Три доли, доли — раз!
Три доли, доли — два,
Три доли, доли — шай-барэ!
 
   — Неважно у меня обстоят дела с цыганским, — констатировал Лабух. — Придется подучить, а то неловко как-то.
   Он отложил гитару и закурил. Гитара хотела, чтобы на ней играли, гитара звала того, кто сможет это делать, но брать чужой инструмент в руки еще раз Лабуху почему-то не хотелось.
   — Прости, красавица, — он ласково погладил гитару по грифу, — все дело, наверное, в том, что ты не моя, а у меня никогда ничего толком не получалось ни с чужими гитарами, ни с чужими женщинами.
   Лабух бережно спрятал гитару в кофр, запер чемоданчик с деньгами и ногой задвинул его под кровать. Потом снова вытащил, достал пачку кредиток и бросил на кровать, а на освободившееся место пристроил дареный мобильник вместе с цепью. После этого попытался закрыть чемодан, но тот никак не хотел закрываться — мешала цепь. Лабух, чертыхаясь, отстегнул цепочку от мобильника и повесил на шею. Потом снял с пачки денег бандерольку и уронил на пол. Освобожденная от бандерольки пачка словно увеличилась в размерах, скользкие купюры норовили раскрыться тяжелым веером. Музыкант взял верхнюю купюру, смял ее в ладони и сунул в карман джинсов. Остальные бросил на кровать.

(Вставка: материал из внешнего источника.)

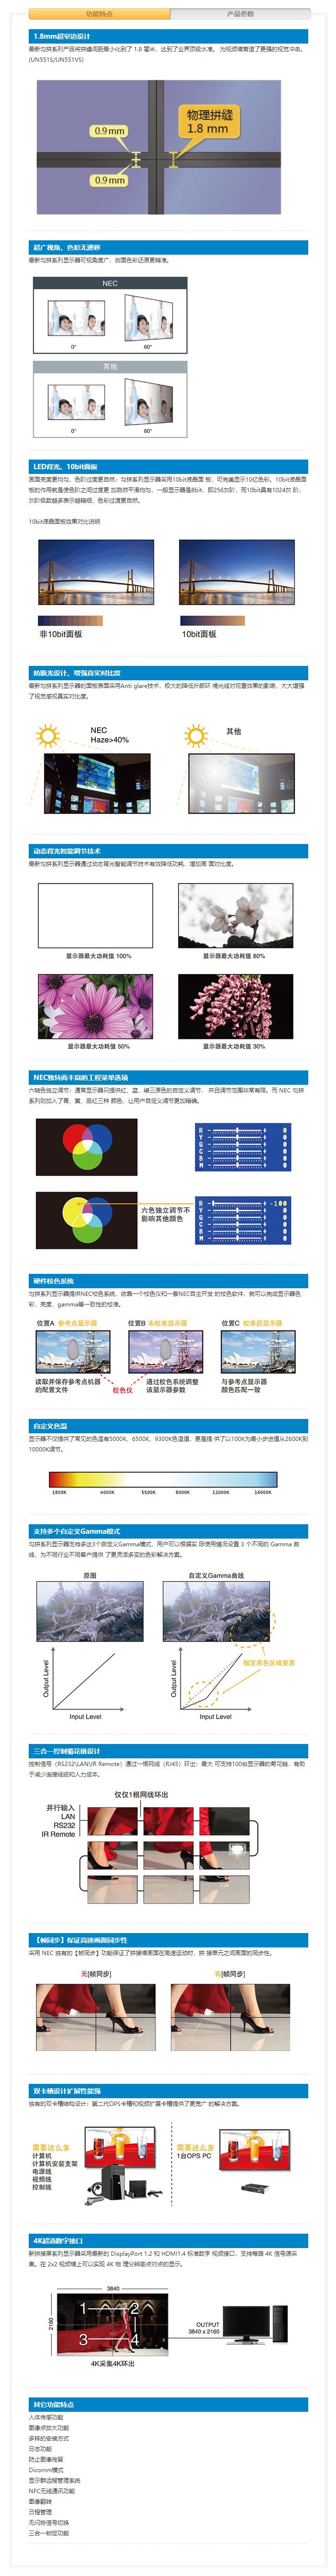 NEC显示器_产品_UN551S

Купюры разлетелись зеленоватым, слабо пахнущим веером. Лабух сгреб их, сложил стопкой, потом подумал немного и сунул под подушку. Не спрятал, а просто положил. Не хотелось, чтобы кровать выглядела неприбранной. Теперь можно было отправляться в киоск.
   И тут за окном опять возник какой-то посторонний шум. Гортанные голоса что-то выкрикивали, послышалось конское ржанье и низкий, почти сразу прекратившийся звук автомобильного мотора. Хлопнула дверца, кто-то легко спустился по ступенькам к двери Лабухового жилья и осторожно, но решительно постучал.
   — Вот черт! — подумал Лабух. — Только собрался расслабиться, а тут опять кого-то несет. Дадут мне сегодня нажраться, как полагается брошенному всеми белому человеку, и уснуть наконец?! — и пошел открывать.
   В дверях стоял незнакомый пожилой цыган. Стучал он рукояткой свернутого кнута, в черной бороде искрились седые волосы, выпуклые темно-карие глаза смотрели умно и недобро. Из под кожаной жилетки выглядывал подол вишневой рубахи.
   — Ты будешь Лабух? — с порога спросил он. — Ну, здравствуй, дорогой! Выйди, пожалуйста, на минутку, поговорить надо.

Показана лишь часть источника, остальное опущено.